_YOUR INSTRUCTIONS_
Please copy the listing that follows exactly, leaving out any pictures.

==== INPUT DATA ====

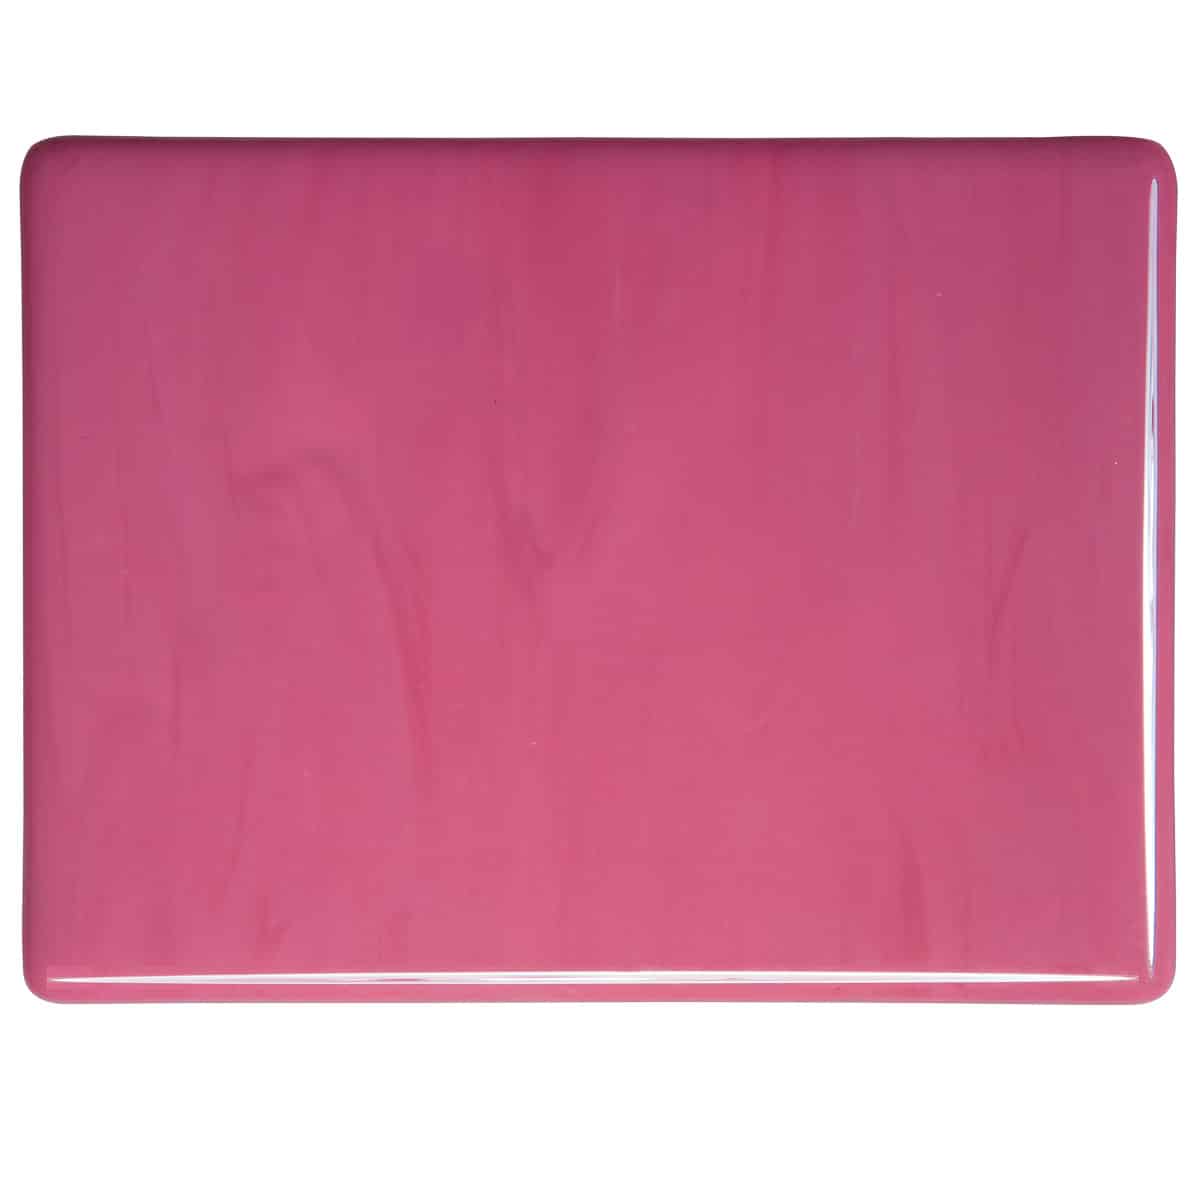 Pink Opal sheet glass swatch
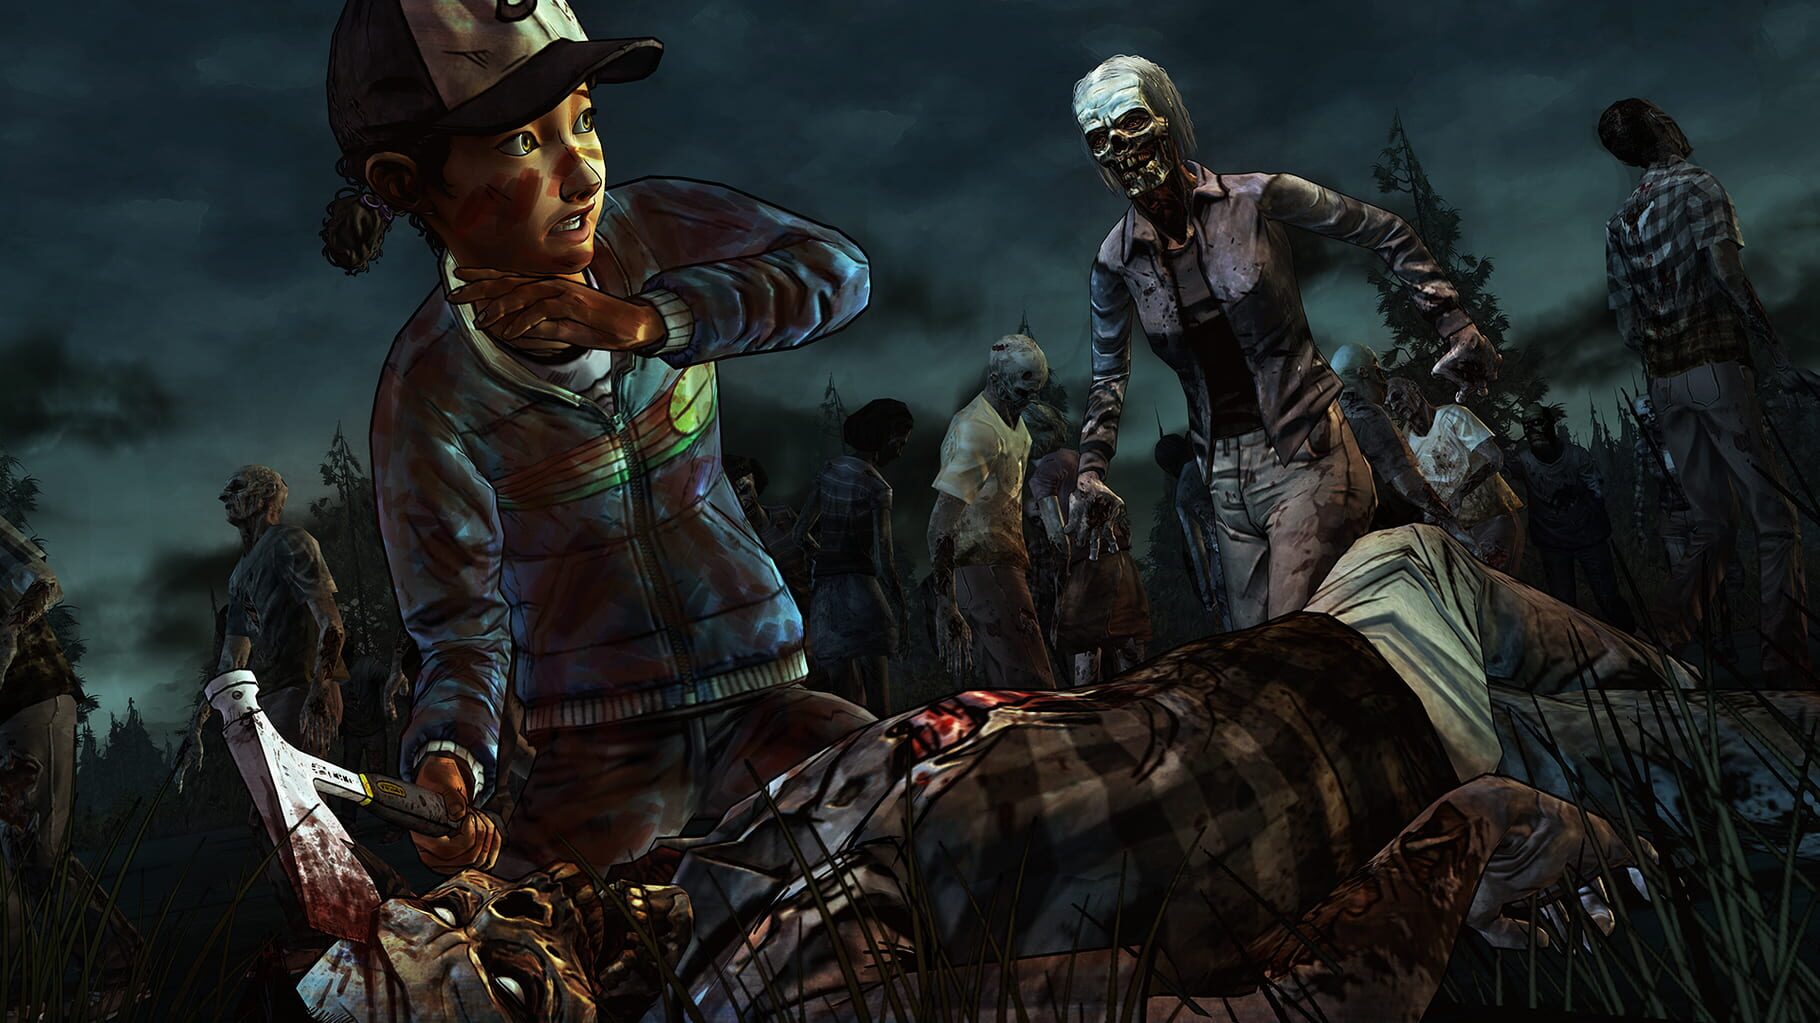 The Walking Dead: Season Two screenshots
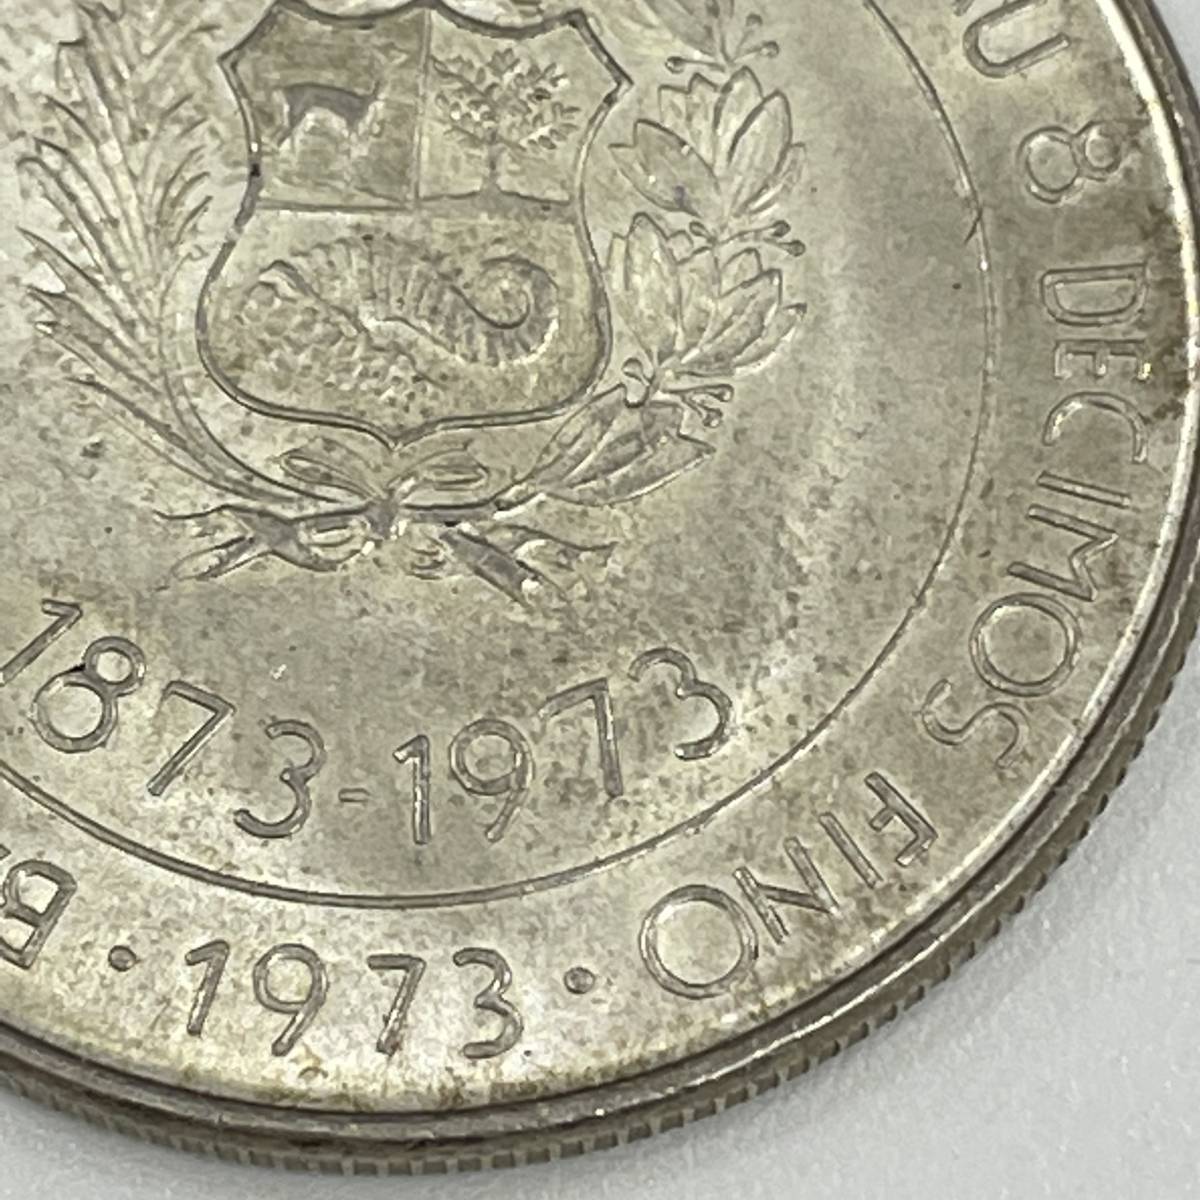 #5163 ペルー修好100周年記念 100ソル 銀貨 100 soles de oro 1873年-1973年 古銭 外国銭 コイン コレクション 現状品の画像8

====

_ANSWER SECTION_
 Pink Opal sheet glass swatch
 The Walking Dead: Season Two screenshots
 #5163 ペルー修好100周年記念 100ソル 銀貨 100 soles de oro 1873年-1973年 古銭 外国銭 コイン コレクション 現状品の画像8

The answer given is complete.